An important application of PBNA, ‘the gold standard in vitro assay’, for assessing the protective potential of vaccine-induced antibodies, is the detection of cross-neutralization activity against non-vaccine HPV types. The high sensitivity of our HT-PBNA allows the detection of cross-protective antibodies induced by commercial L1-based vaccines as shown in Figure 10A for our in-house standard serum, a collected from a 21 year old female volunteer 3 years after completion of a 3-dose Gardasil® vaccination. The ED₅₀ of this serum for HPV 16, 18, 31 and 58 was 19308, 1952, 111 and 205, respectively. No neutralization of HPV types 45 and 52 or BPV-1 PSV was observed.

In Figure 10B the reactivity of a high titer Cervarix® serum in the HT-PBNA is shown. In addition to the vaccine-types 16 and 18 with titers >30,000 also cross-neutralization activity against the non-vaccine HPV types 31, 45, 52 and 58 with ED₅₀-values of 2842, 230, 86 and 95, respectively, was detected.

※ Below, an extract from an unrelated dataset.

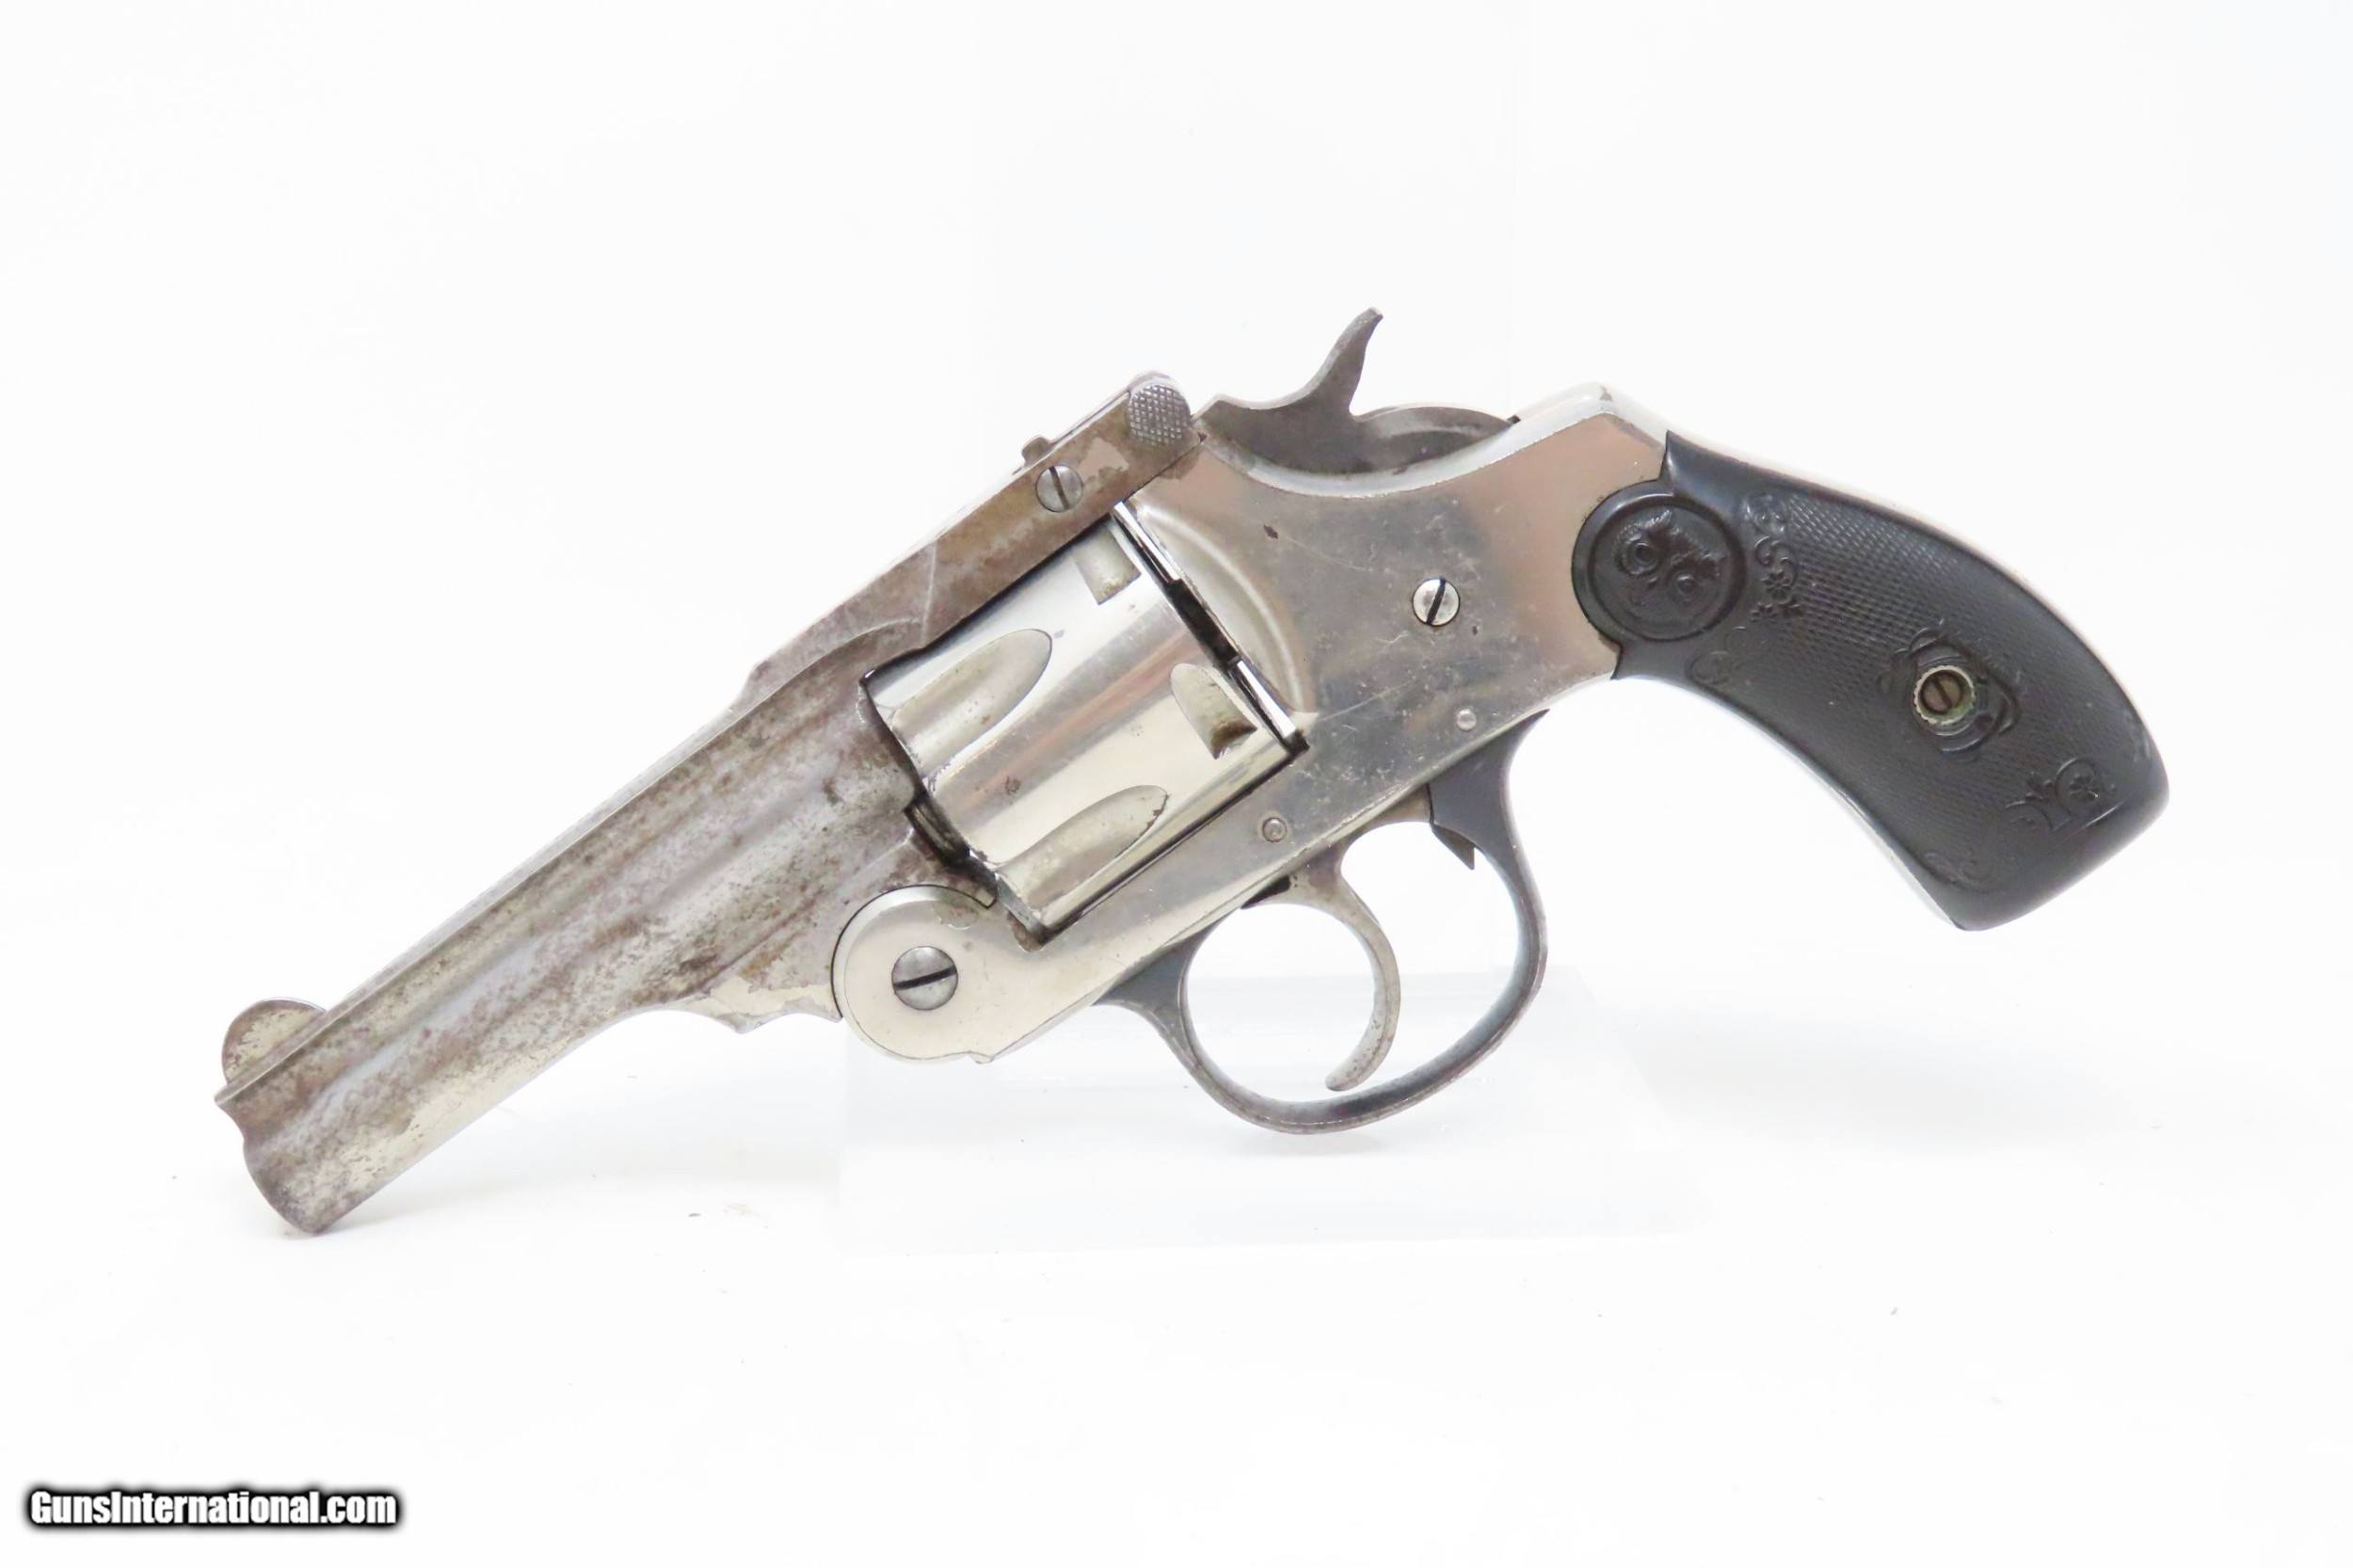 https://images.gunsinternational.com/listings_sub/acc_87874/gi_102041676/IVER-JOHNSON-ARMS-and-CYCLE-WORKS-38-Double-Action-Top-Break-CandR-Revolver-VERY-NICE-Turn-of-the-Ce_102041676_87874_9D5CBD7856D8555A.jpg

As the PSV are composed of L1 and L2 it is also possible to measure neutralizing antibodies directed against the minor capsid protein L2. In Figure 10C the titration of an experimental serum from a mouse immunized with HPV 16 and HPV 31 L2 (aa 17–36) inserted in the capsid of adeno-associated virus 2 (AAV2) [29] in the HT-PBNA is shown. In addition to the vaccine type HPV 16 PSVs of HPV 18, 45, 58 and BPV are also neutralized by the serum with ED₅₀- values of 1796, 179, 289, 149 and 109, respectively. HPV 31 and HPV 58 however, escape this neutralization.